AB tarafından finanse edilen ve 2023 – 2025 yıllarını kapsayacak "Bizim Medyamız" projesinin partnerleri şöyle:
- Güney Doğu Avrupa Medya Profesyonelleşmesi Ağı (SEENPM)
- Arnavutluk Medya Enstitüsü (Tiran)
- Mediacentar Vakfı (Sarajevo)
- Kosova Basın Konseyi
- Karadağ Medya Enstitüsü (Podgorica)
- Makedonya Medya Enstitüsü (Üsküp)
- Novi Sad Gazetecilik Okulu (Novi Sad)
- Barış Ensitüsü (Ljubljana)
- bianet (Türkiye).
"Bizim Medyamız" projesinin IPS İletişim Vakfı/bianet adına araştırmacısı vakfın araştırma koordinatörü Sinem Aydınlı.
Yeni bir sivil toplum hareketi: Bizim Medyamız
Projenin kapsamı
Proje, medyanın sürdürülebilirliğine yönelik ana eğilimleri, riskleri ve fırsatları belirlemek ve medya özgürlüğü ile medya ve bilgi okuryazarlığını (MIL) desteklemek için medya aktivizmi çalışmalarındaki iyi uygulamaları haritalandırabilmeye yönelik bir araştırmayla başlıyor. Araştırma bulguları, medyadaki zorlukları ele alabilmek için medya alanındaki STK'lerin ve diğer paydaşların kapasitelerini güçlendirmek için kullanılacak.
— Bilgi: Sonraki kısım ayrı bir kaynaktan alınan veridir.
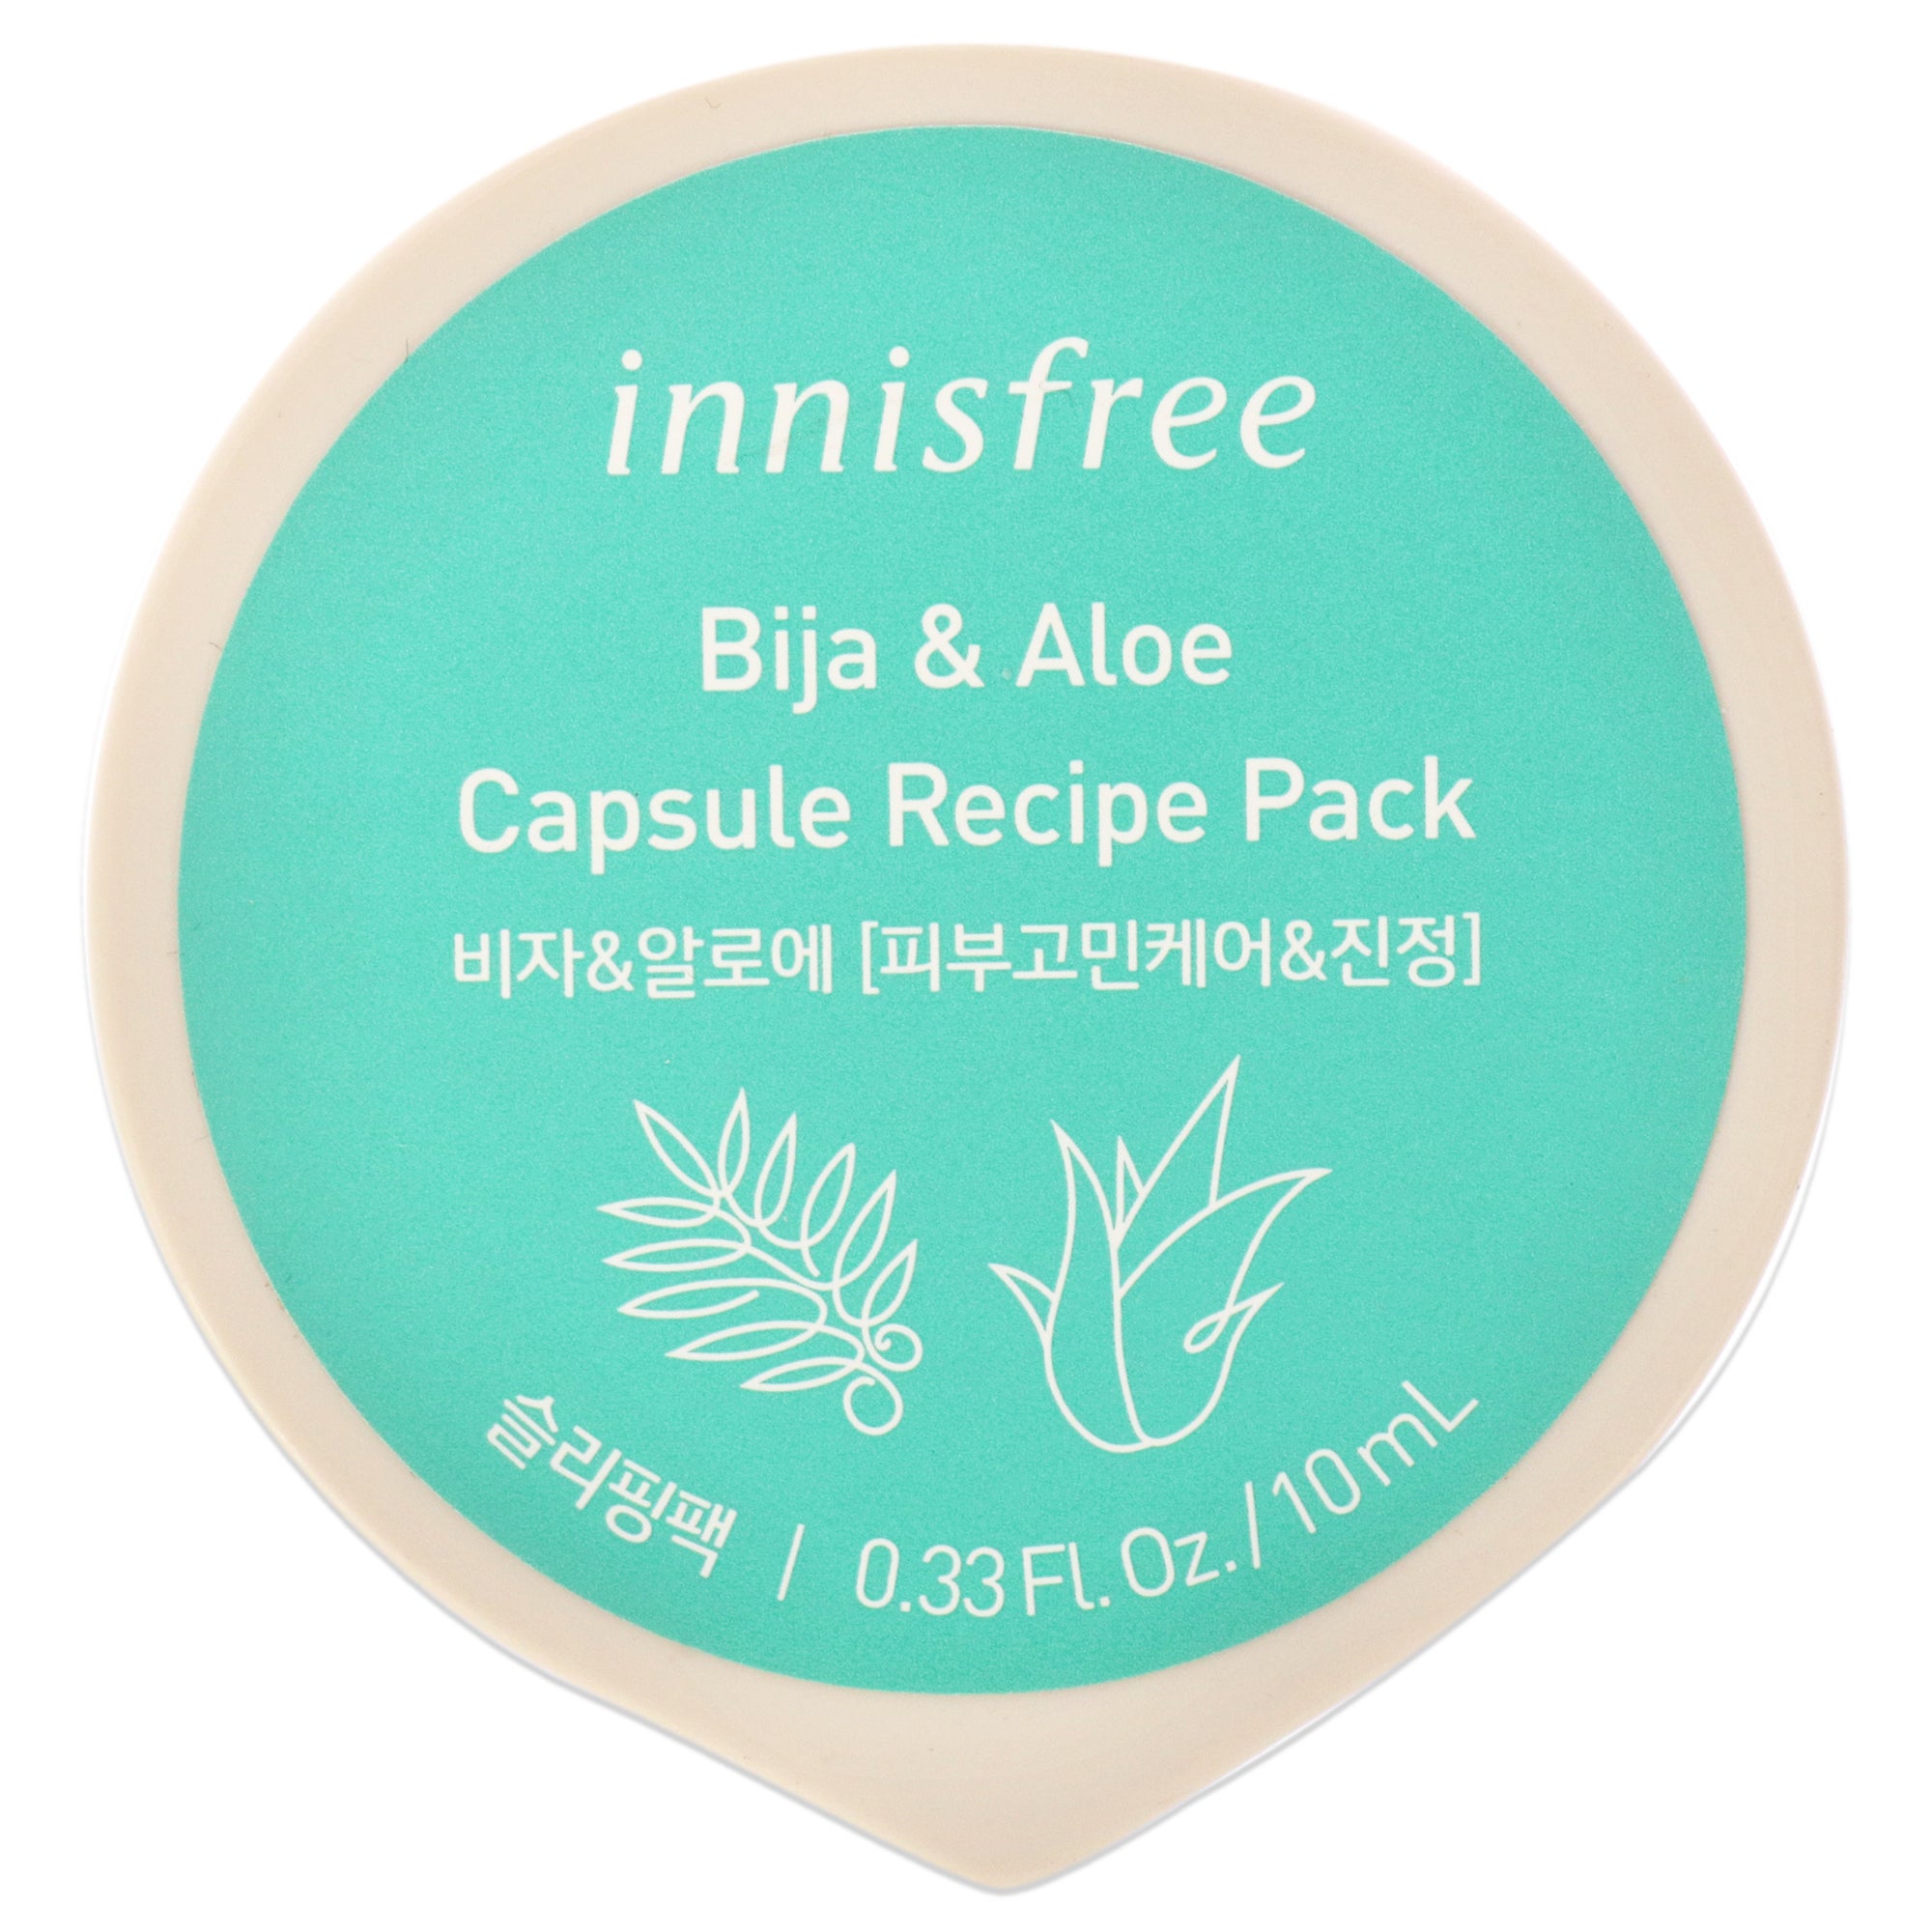 Capsule Recipe Pack Mask - Bija and Aloe by Innisfree for Unisex - 0.33 oz Mask
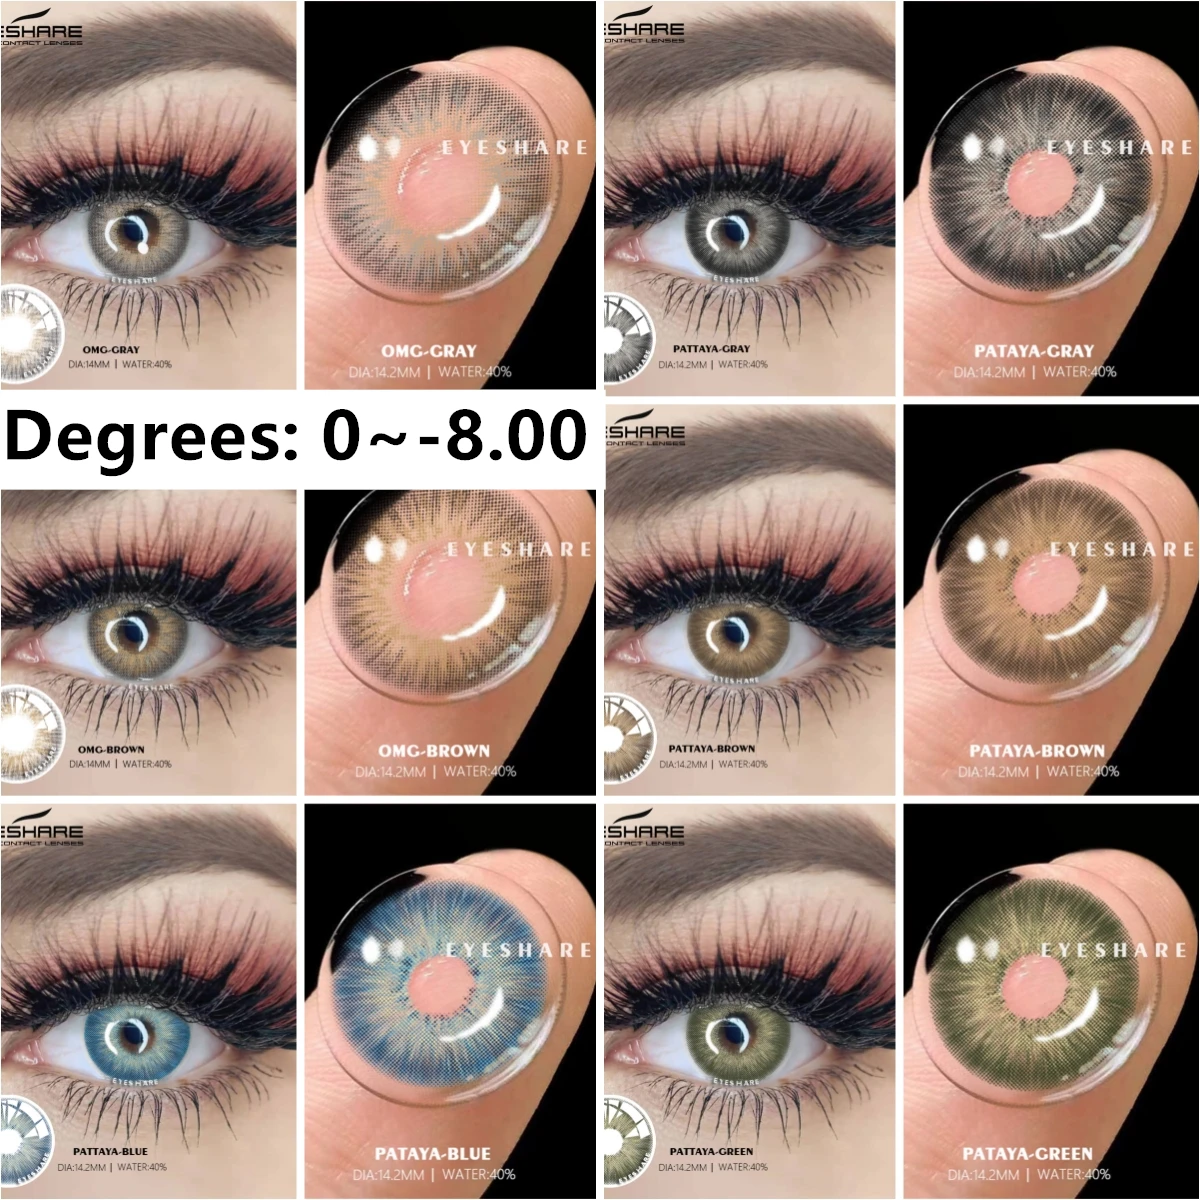 

EYESHARE Myopia Color Contact Lens Degree 2Pcs Color Lenses For Eyes Prescription Natural Cosmetic Diopters Yearly Contact Lens

"Bizim Medyamız" kapsamında gazetecilerin, medya kuruluşlarının ve medya kurumlarının kapasitesilerini anlamaya yönelik savunuculuk faaliyetleri yapılacak. Yerel ve ulusal medya ve diğer aktörlerin, medyadaki toplumsal cinsiyet eşitsizliklerine yönelik medya aktivizmi çalışmaları yapması teşvik edilecek. Proje kapsamında ayrımcılığa ve cinsiyetçi kalıp yargılara karşı çıkma ve yapılacak çeşitli aktiviteler aracılığıyla toplumsal cinsiyet eşitliğini destekleme konusunda genç liderler güçlendirilecek.
Proje, kentsel ve kırsal alanlardaki STK'lere verilen mali destekle, yurttaşların MIL becerilerini geliştirmek, medya özgürlüğü ve bütünlüğünü desteklemek ve propaganda, nefret söylemi ve dezenformasyondan kaynaklanan kutuplaşmaya karşı koymak amacıyla yerel topluluklara ulaşacak.